We propose a novel distributed user-car matching method based on a contract between users to mitigate the imbalance problem between vehicle distribution and demand in free-floating car sharing. Previous regulation methods involved an incentive system based on the predictions of origin-destination (OD) demand obtained from past usage history. However, the difficulty these methods have in obtaining accurate data limits their applicability. To overcome this drawback, we introduce contract-based coordination among drop-off and pick-up users in which an auction is conducted for drop-off users' intended drop-off locations. We theoretically analyze the proposed method regarding the upper bound of its efficiency. We also compare it with a baseline method and non-regulation scenario on a free-floating car-sharing simulator. The experimental results show that the proposed method achieves a higher social surplus than the existing method.


#18 Maintenance of Social Commitments in Multiagent Systems [PDF] [Copy] [Kimi] [REL]

Authors: Pankaj Telang, Munindar P. Singh, Neil Yorke-Smith

We introduce and formalize a concept of a maintenance commitment, a kind of social commitment characterized by states whose truthhood an agent commits to maintain. This concept of maintenance commitments enables us to capture a richer variety of real-world scenarios than possible using achievement commitments with a temporal condition. By developing a rule-based operational semantics, we study the relationship between agents' achievement and maintenance goals, achievement commitments, and maintenance commitments. We motivate a notion of coherence which captures alignment between an agents' achievement and maintenance cognitive and social constructs, and prove that, under specified conditions, the goals and commitments of both rational agents individually and of a multiagent system are coherent.


#19 Efficient Querying for Cooperative Probabilistic Commitments [PDF] [Copy] [Kimi] [REL]

Authors: Qi Zhang, Edmund H. Durfee, Satinder Singh

Multiagent systems can use commitments as the core of a general coordination infrastructure, supporting both cooperative and non-cooperative interactions. Agents whose objectives are aligned, and where one agent can help another achieve greater reward by sacrificing some of its own reward, should choose a cooperative commitment to maximize their joint reward. We present a solution to the problem of how cooperative agents can efficiently find an (approximately) optimal commitment by querying about carefully-selected commitment choices. We prove structural properties of the agents' values as functions of the parameters of the commitment specification, and develop a greedy method for composing a query with provable approximation bounds, which we empirically show can find nearly optimal commitments in a fraction of the time methods that lack our insights require.


#20 Coordination Between Individual Agents in Multi-Agent Reinforcement Learning [PDF] [Copy] [Kimi] [REL]

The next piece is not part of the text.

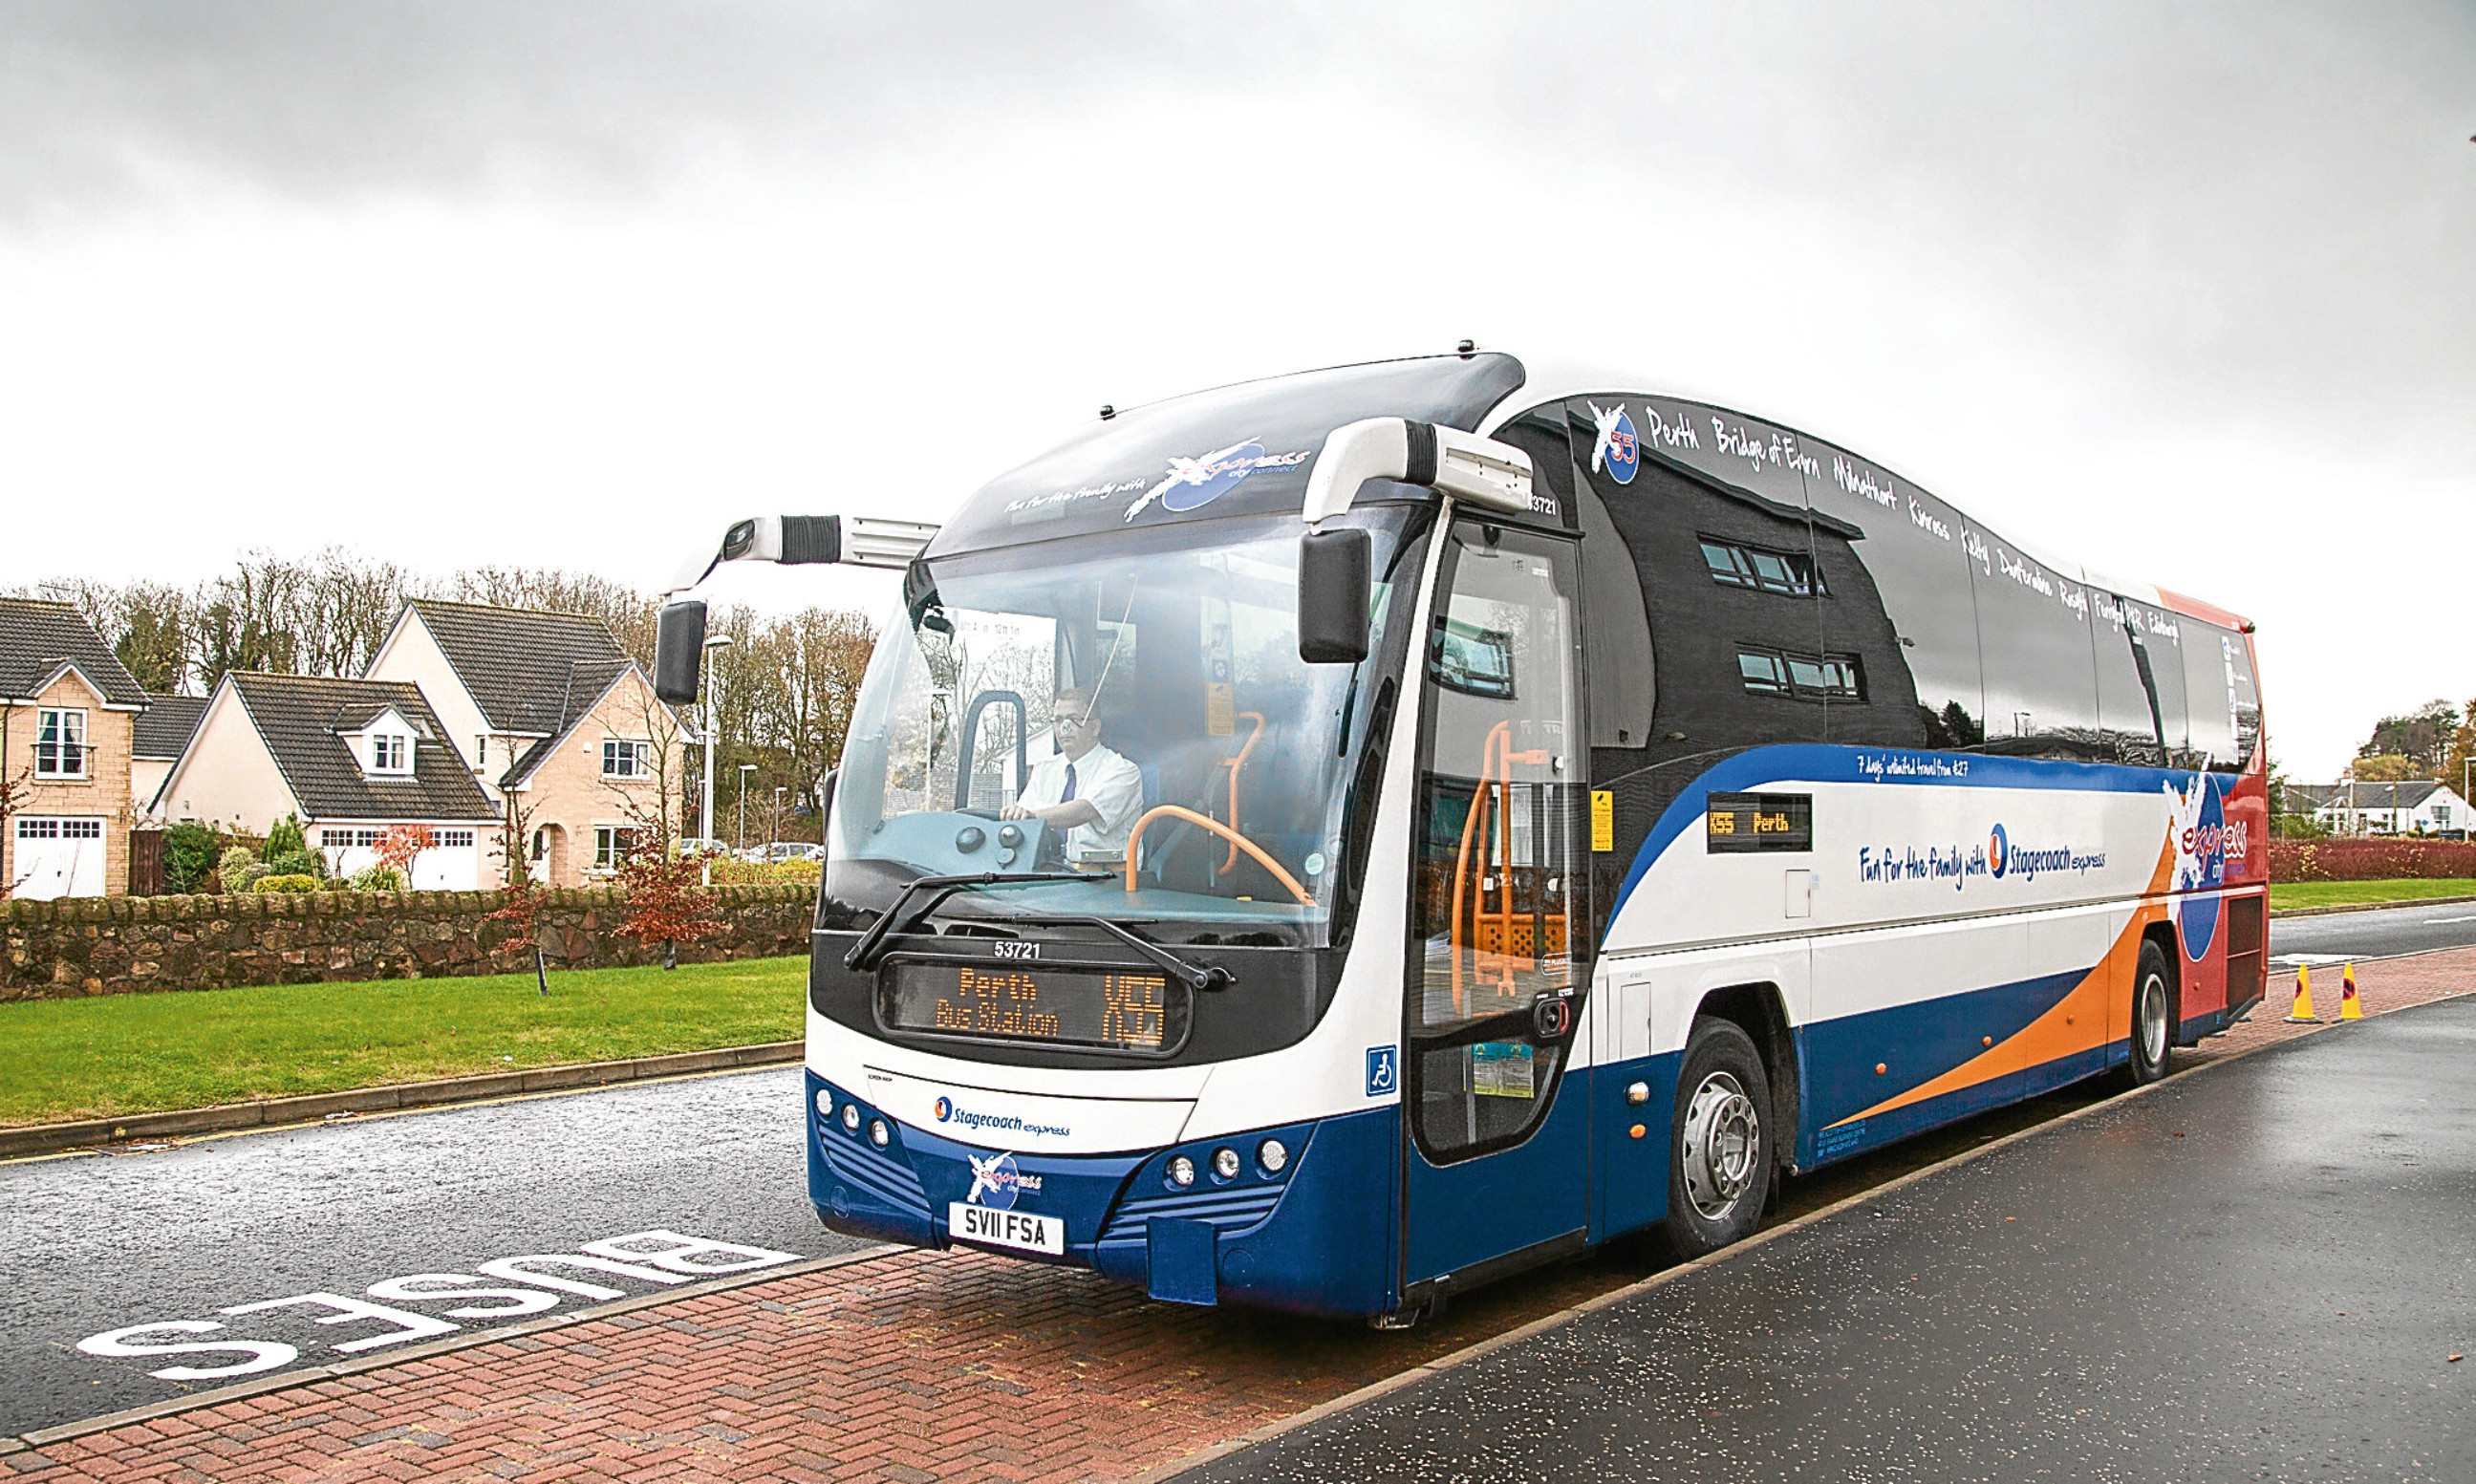 Will these Stagecoach buses soon be a thing of the past?
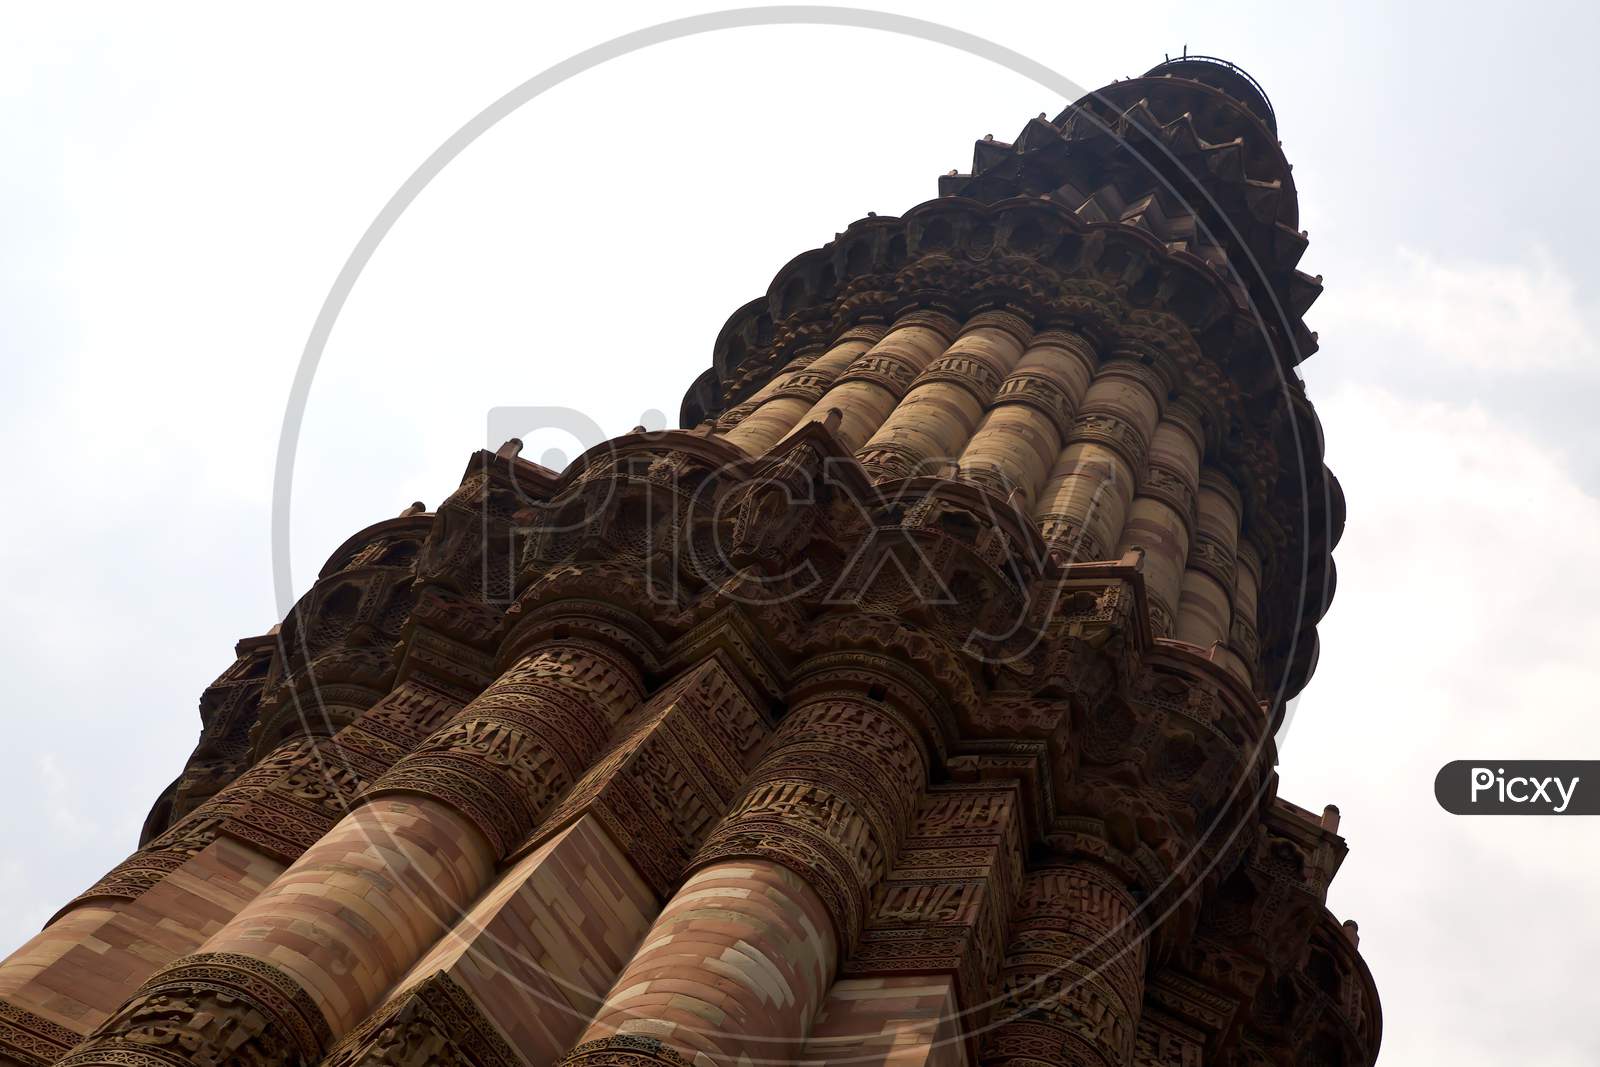 The Qutub Minar Is A 73-Metre Tall Tapering Tower Of Five Storeys In India. Looking Up At The Qutub Minar Can Make You Feel A Bit Dizzy.

Authors: Yang Zhang, Qingyu Yang, Dou An, Chengwei Zhang

The existing multi-agent reinforcement learning methods (MARL) for determining the coordination between agents focus on either global-level or neighborhood-level coordination between agents. However the problem of coordination between individual agents is remain to be solved. It is crucial for learning an optimal coordinated policy in unknown multi-agent environments to analyze the agent's roles and the correlation between individual agents. To this end, in this paper we propose an agent-level coordination based MARL method. Specifically, it includes two parts in our method. The first is correlation analysis between individual agents based on the Pearson, Spearman, and Kendall correlation coefficients; And the second is an agent-level coordinated training framework where the communication message between weakly correlated agents is dropped out, and a correlation based reward function is built. The proposed method is verified in four mixed cooperative-competitive environments. The experimental results show that the proposed method outperforms the state-of-the-art MARL methods and can measure the correlation between individual agents accurately.